The rise of bot accounts on social media poses significant risks to public discourse. To address this threat, modern bot detectors increasingly rely on Graph Neural Networks (GNNs). However, the effectiveness of these GNN-based detectors in real-world settings remains poorly understood. In practice, attackers continuously adapt their strategies as well as must operate under domain-specific and temporal constraints, which can fundamentally limit the applicability of existing attack methods. As a result, there is a critical need for robust GNN-based bot detection methods under realistic, constraint-aware attack scenarios. To address this gap, we introduce BOCLOAK to systematically evaluate the robustness of GNN-based social bot detection via both edge editing and node injection adversarial attacks under realistic constraints. BOCLOAK constructs a probability measure over spatio-temporal neighbor features and learns an optimal transport geometry that separates human and bot behaviors.
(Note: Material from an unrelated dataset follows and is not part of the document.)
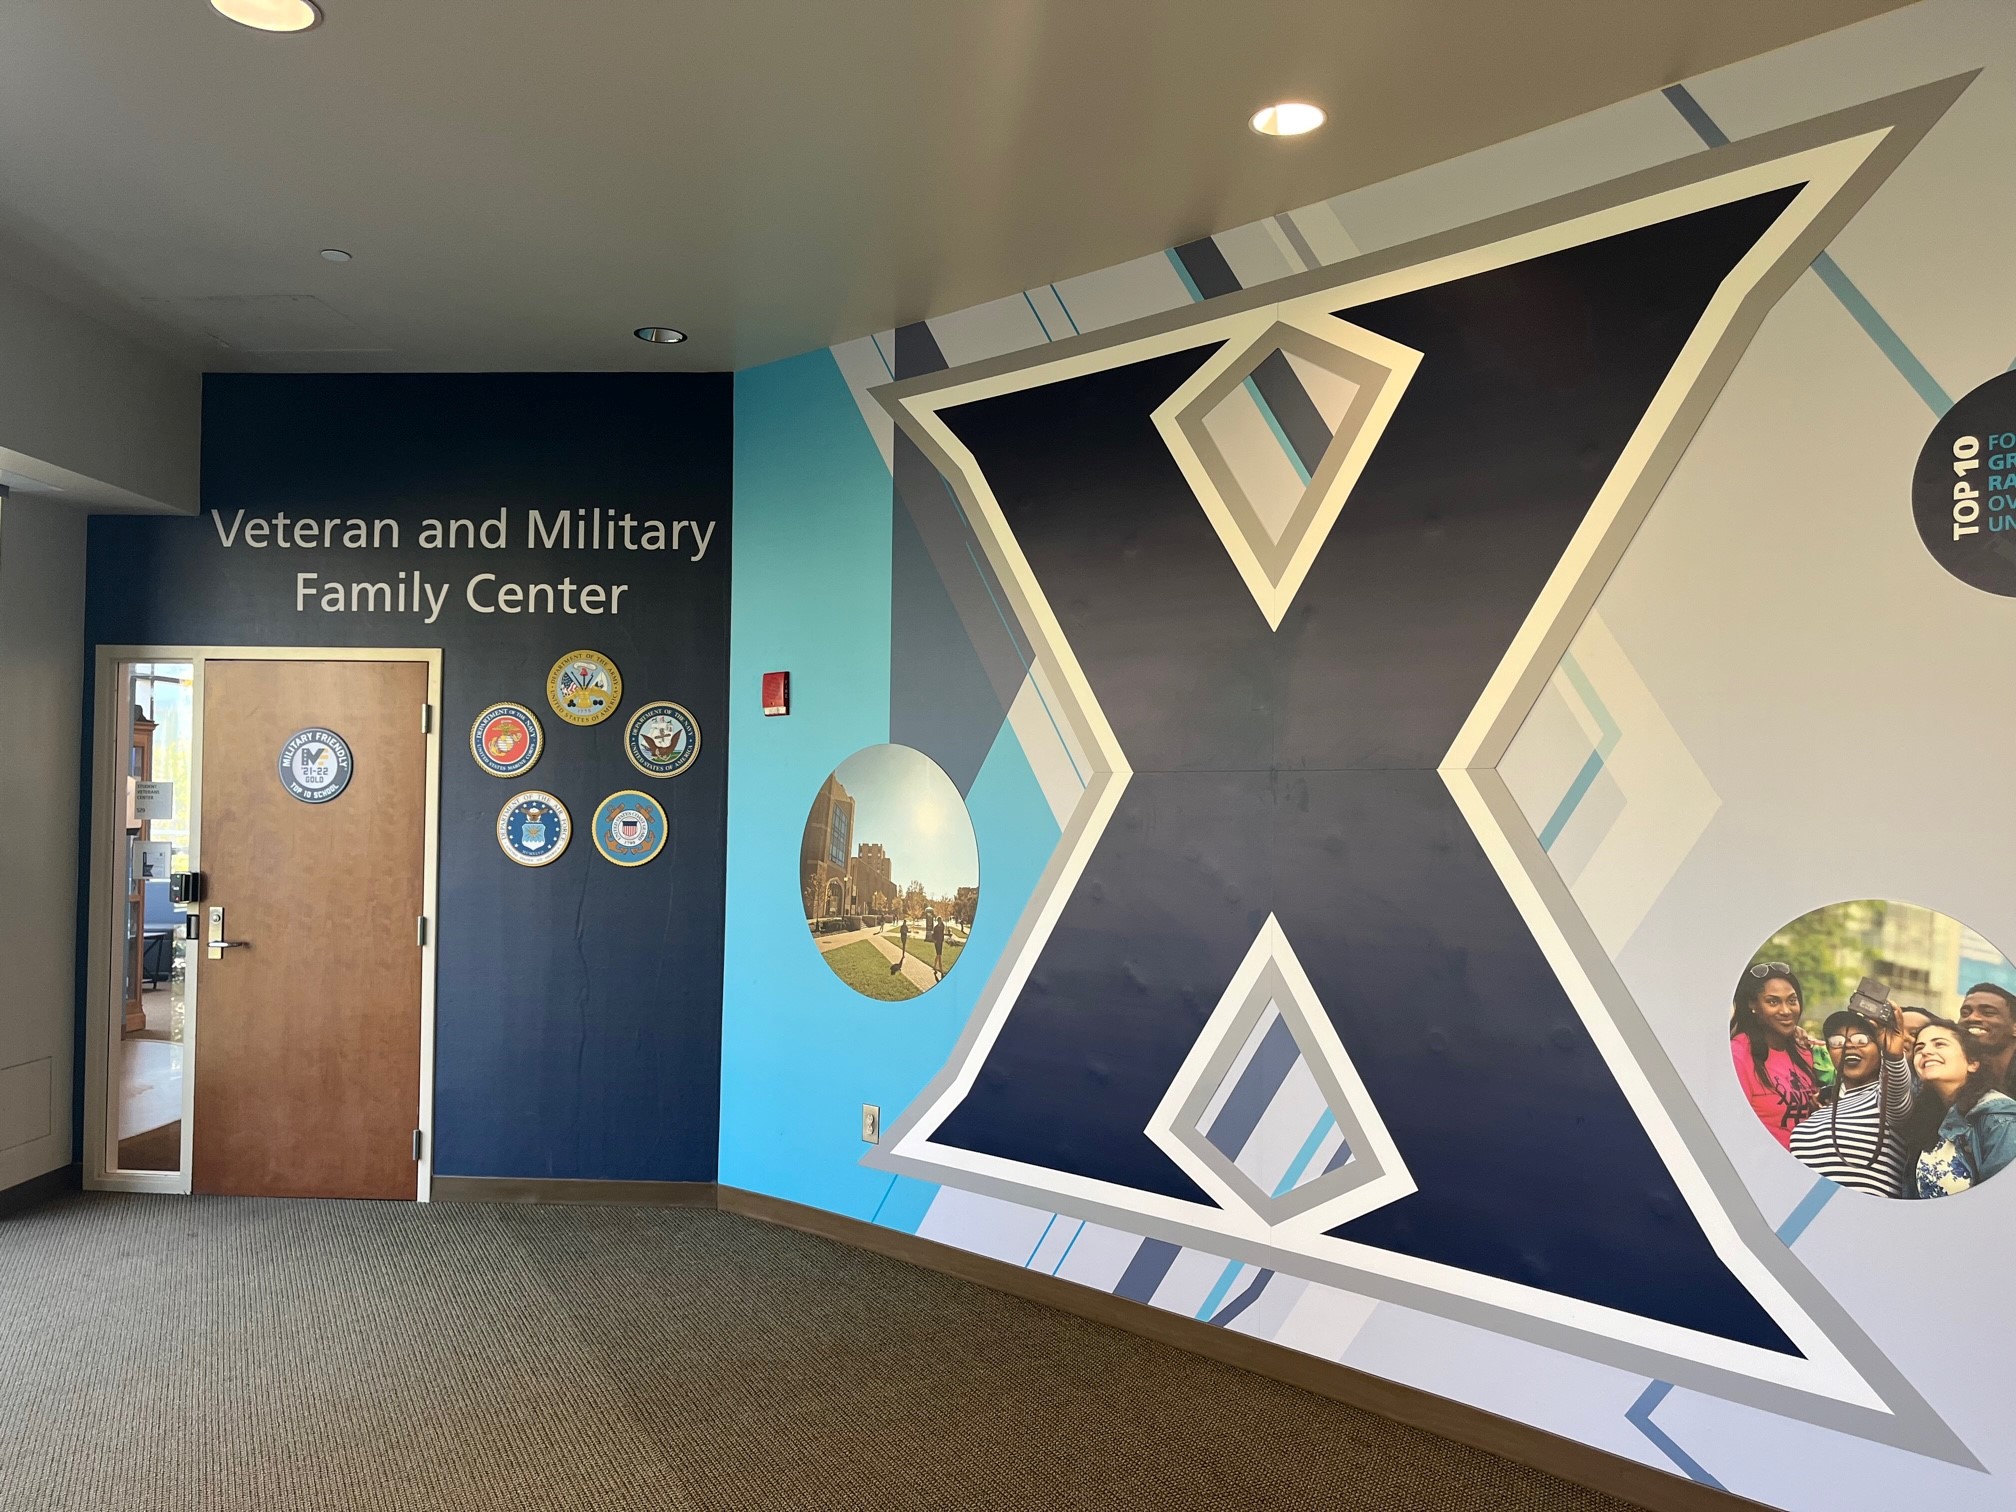 A photo of the interior of the Veteran and Family Military Center at Xavier. Two orange couches are visible. A large Xavier logo is hung on the wall behind the couches.

It then decodes transport plans into sparse, plausible edge edits that evade detection while obeying real-world constraints. We evaluate BOCLOAK across three social bot datasets, five state-of-the-art bot detectors, three adversarial defenses, and compare it against four leading graph adversarial attack baselines. BOCLOAK achieves up to 80.13% higher attack success rates while using 99.80% less GPU memory under realistic real-world constraints. Most importantly, BOCLOAK shows that optimal transport provides a lightweight, principled framework for bridging the gap between adversarial attacks and real-world bot detection.

Editorial analysis

A structured set of objections, weighed in public.

Desk editor's note, referee report, simulated authors' rebuttal, and a circularity audit. Tearing a paper down is the easy half of reading it; the pith above is the substance, this is the friction.

Desk Editor's Note private letter to a colleague

BOCLOAK applies optimal transport to generate sparse, constraint-aware adversarial edits for GNN bot detectors and reports large gains in success rate plus memory savings, but the decoding step needs explicit checks to confirm edits stay valid.

read the letter

The core of this paper is a method called BOCLOAK that uses optimal transport on spatio-temporal neighbor features to produce adversarial edge edits and node injections for GNN-based bot detectors. It claims up to 80% higher attack success than baselines while cutting GPU memory by 99.8%, all while trying to respect domain and temporal constraints that real attackers face. That framing is the main new piece: treating OT as a lightweight way to decode transport plans into plausible graph changes instead of relying on gradient-based or random perturbations that often ignore constraints.

Referee Report

2 major / 2 minor

Summary. The paper introduces BOCLOAK, a framework that constructs probability measures over spatio-temporal neighbor features, learns an optimal transport geometry separating human and bot behaviors, and decodes the resulting transport plans into sparse edge edits and node injections for adversarial attacks on GNN-based bot detectors. The attacks are claimed to respect real-world domain and temporal constraints while achieving up to 80.13% higher attack success rates and 99.80% lower GPU memory usage than four baselines, evaluated on three social bot datasets and five detectors plus three defenses.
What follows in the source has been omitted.